In June, Trump called the United States a “fascist state” while promoting the baseless conspiracy theory that President Joe Biden was behind his prosecution in New York for falsifying business records related to hush money payments paid on behalf of Trump to a porn star in 2016.

I delved into the definition of fascism and how it applied to Trump back in June, when he was using the term.

There are experts who see Trump as a fascist. Robert Paxton, a professor emeritus at Columbia University who has written extensively about fascism in Europe, rejected the label for Trump until January 6, 2021, when the historian argued that the image of trump supporters storming the US Capitol “eliminates my objection to the fascist label.”

Trump has also repeatedly used language that may be related to Nazis, such as when he said immigrants are “poisoning the blood” of the country.

When ‘s Wolf Blitzer asked Ohio Sen. JD Vance in May about Trump’s claim that the US is a “fascist state,” Vance did not reject the idea, suggesting at least a tolerance for the term.

“I don’t care what you call this, but this is not the America I know and love,” Vance, who was not yet Trump’s running mate, said in a tense exchange.

In June, I also spoke with Daniel Steinmetz-Jenkins, an assistant professor at Wesleyan University and editor of the book “Did it happen here? Perspectives on Fascism and the United States”which includes writings by Paxton, among many others.

“That historical comparison model where we look at what happened in Germany in the 1930s and then use it as a kind of navigation device or map to understand what’s happening today is quite common,” he said, although there are arguments that it is a flawed comparison.

“Concepts do not have timeless essences that we can simply map onto any phenomenon, but rather they change given the political context, given the power structures in society,” he said.

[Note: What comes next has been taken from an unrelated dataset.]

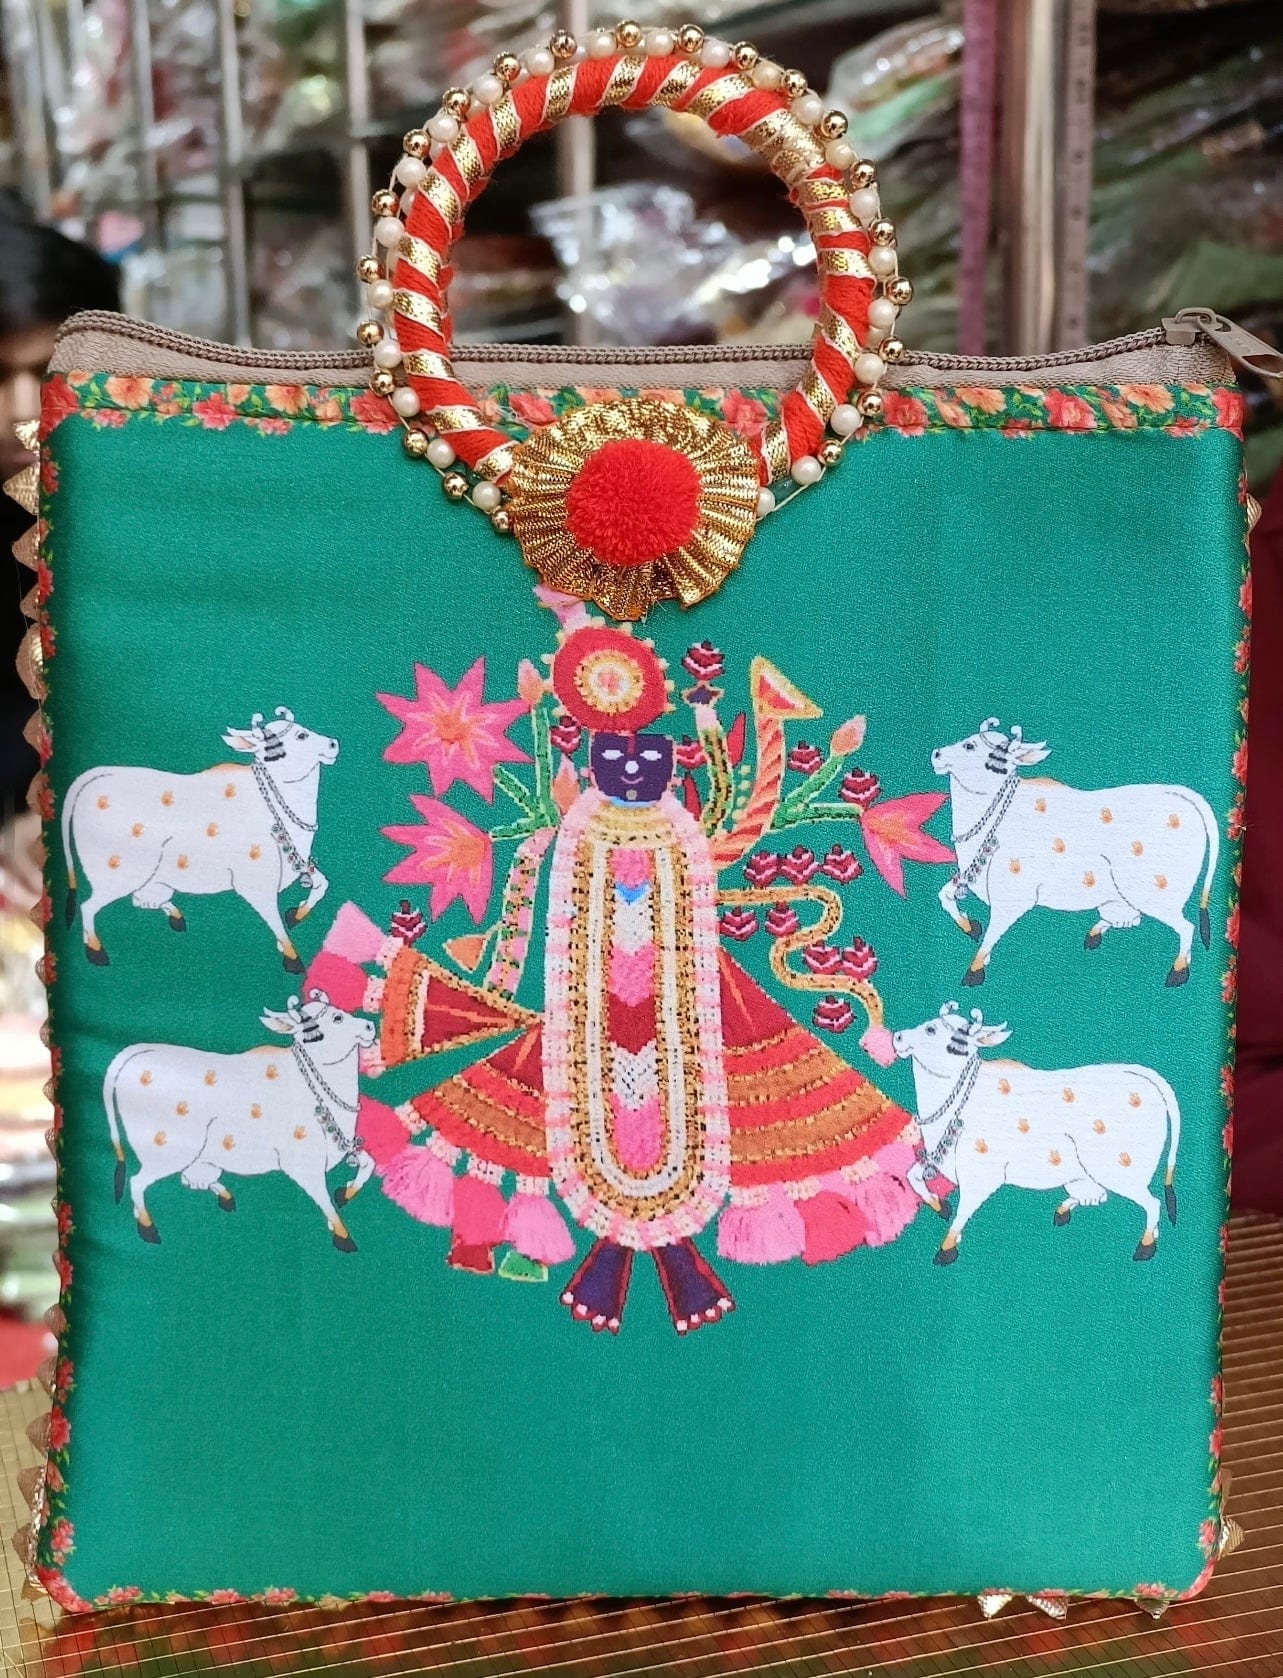 100 Rs each on buying 🏷in bulk | Call 📞 at 8619550223 Women's Potli Bag LAMANSH® Shreenath ji 🙏 hand bags for festival puja giveaways | Shrinath ji Print potli bags for return gifting in Wedding & Religious functions

Today, he said, the term “fascism” is used “to mobilize people to overcome their divisions, to defeat an enemy that is much bigger than their own long-standing disputes.”

Steinmetz-Jenkins argued that there is a long history, dating back to Franklin D. Roosevelt, of Americans on both sides of the political spectrum trying to label their opponents “fascists,” and there are also examples of American lawmakers threatening their opponents with research.

There are arguments for the comparison with fascism, but also arguments against it, particularly as there are echoes of Trump’s rise in populist and white nationalist movements closer to home in American history.

I returned to Steinmetz-Jenkins to ask if the comparisons have changed in the intervening months, and she noted that the debate over fascism died down over the summer, with Harris replacing Biden, and noted that for most of Harris’ campaign, a message of the politics of joy replaced the fear of fascism.

Now, as Democrats grow anxious about losing to Trump, the threat of fascism has returned to the forefront.

“What is needed is a plan to inspire people to vote Democratic, not scare tactics that can lead to a sense of fatalism that the world is being engulfed by fascism,” he said.

Enough American voters have heard the term “fascism” in the same sentence as Trump that if he wins in November, it will be clear that they are at least willing to tolerate him or not believe he will carry out what he says.